Byrne gestured to the crime scene. “Did you see anyone in this parking lot?”

Pedersen looked across the street, thought for a few moments. “Yeah. I did see someone.”

“Where?”

“Back by the end of the parking lot.”

“Man? Woman?”

“Man, I think. It was still kind of dark.”

“There was just the one person?”

“Yes.”

“Did you see a vehicle?”

“No. No cars,” he said. “None I noticed, anyway.”

The two abandoned vehicles were behind the building. They were not visible from the road. A third vehicle could have been back there.

“Where was he standing?” Byrne asked.

Pedersen pointed to a spot at the end of the lot, just above where the victim was found. “Right to the right of those trees.”

“Closer to the river, or closer to the building?”

“Closer to the river.”

“Can you describe this person you saw?”

“Not really. Like I said, it was still kind of dark and I couldn’t see too well. I wasn’t wearing my glasses.”

“Exactly where were you when you first saw him?” Jessica asked.

Pedersen pointed to an area a few feet away from where they stood.

“Did you get any closer?” Jessica asked.

“No.”

Jessica glanced toward the river. You could not see the victim from that vantage point. “How long were you here?” she asked.

Pedersen shrugged. “I don’t know. A minute or two. Had my Danish and coffee, walked back to the site to set up.”

“What was this person doing?” Byrne asked.

“Nothing, really.”

“He didn’t move from where you saw him? He didn’t walk down toward the river?”

“No,” Pedersen said. “But now that I think about it, it was a little weird.”

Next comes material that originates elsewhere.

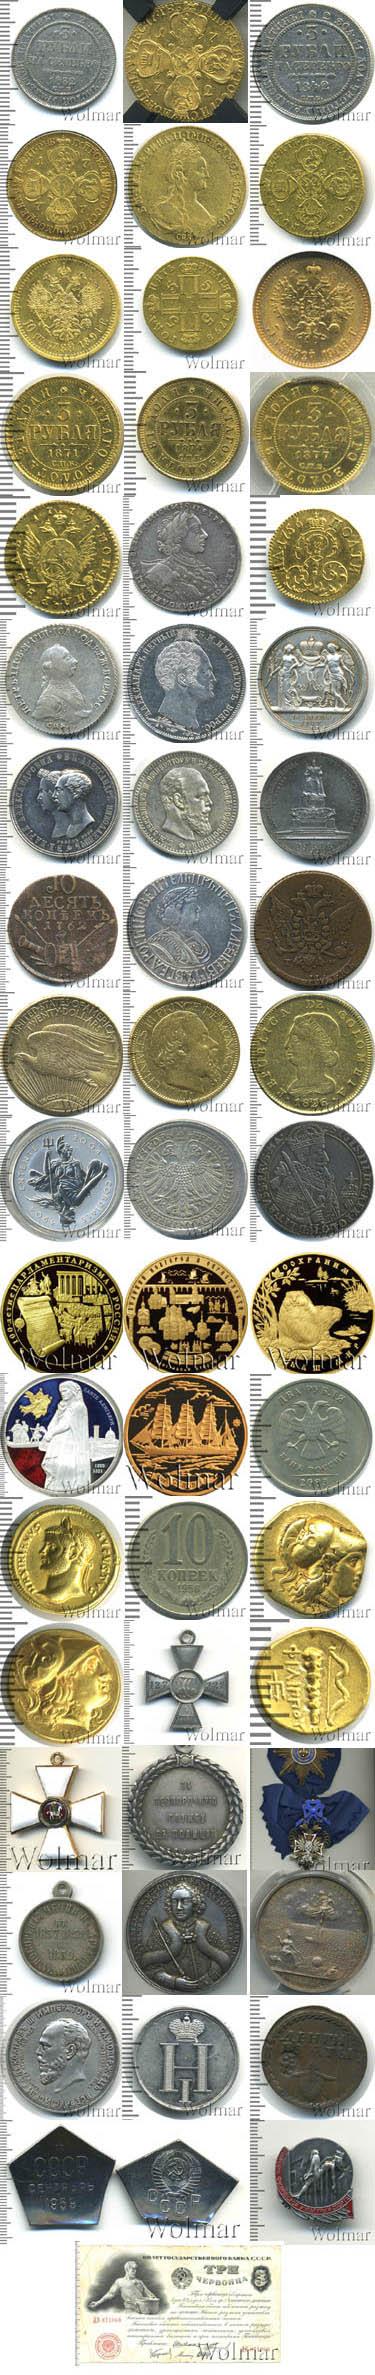 каталог продажи монет россии

“Weird?” Jessica asked. “Weird how?”

“He was just standing there,” Pedersen said. “I think he was staring up at the moon.”

7

As they headed back to Center City, Jessica scrolled through the photographs on her digital camera, looking at each one on the small LCD screen. At that size, the young woman on the bank of the river looked like a doll posed in a miniature setting.

A doll,
Jessica thought. It was the first image she’d had when she saw the victim. The young woman looked like a porcelain doll on a shelf.

Jessica had given Will Pedersen a business card. The young man promised to call if he remembered anything else.

“What did you get from the driver?” Jessica asked.

Byrne glanced at his notebook. “The driver is one Reese Harris. Mr. Harris is thirty-three, lives in Queen Village. He said he hits Flat Rock Road three or four mornings a week, now that those condos are going up. He said he always parks with the open side of the truck facing away from the river. Keeps the wind off the merchandise. He said he didn’t see anything.”

Detective Joshua Bontrager, late of the Traffic Unit, armed with Vehicle Identification Numbers, was off to check on the two abandoned vehicles parked in the lot.

Jessica scrolled through a few more pictures, looked up at Byrne. “What do you think?”

Byrne ran a hand over his beard. “I think we have a sick son of a bitch running around Philly. I think we have to shut this fucker down fast.”

Leave it to Kevin Byrne to break the case down to the essentials, Jessica thought. “Full-blown nut job?” she asked.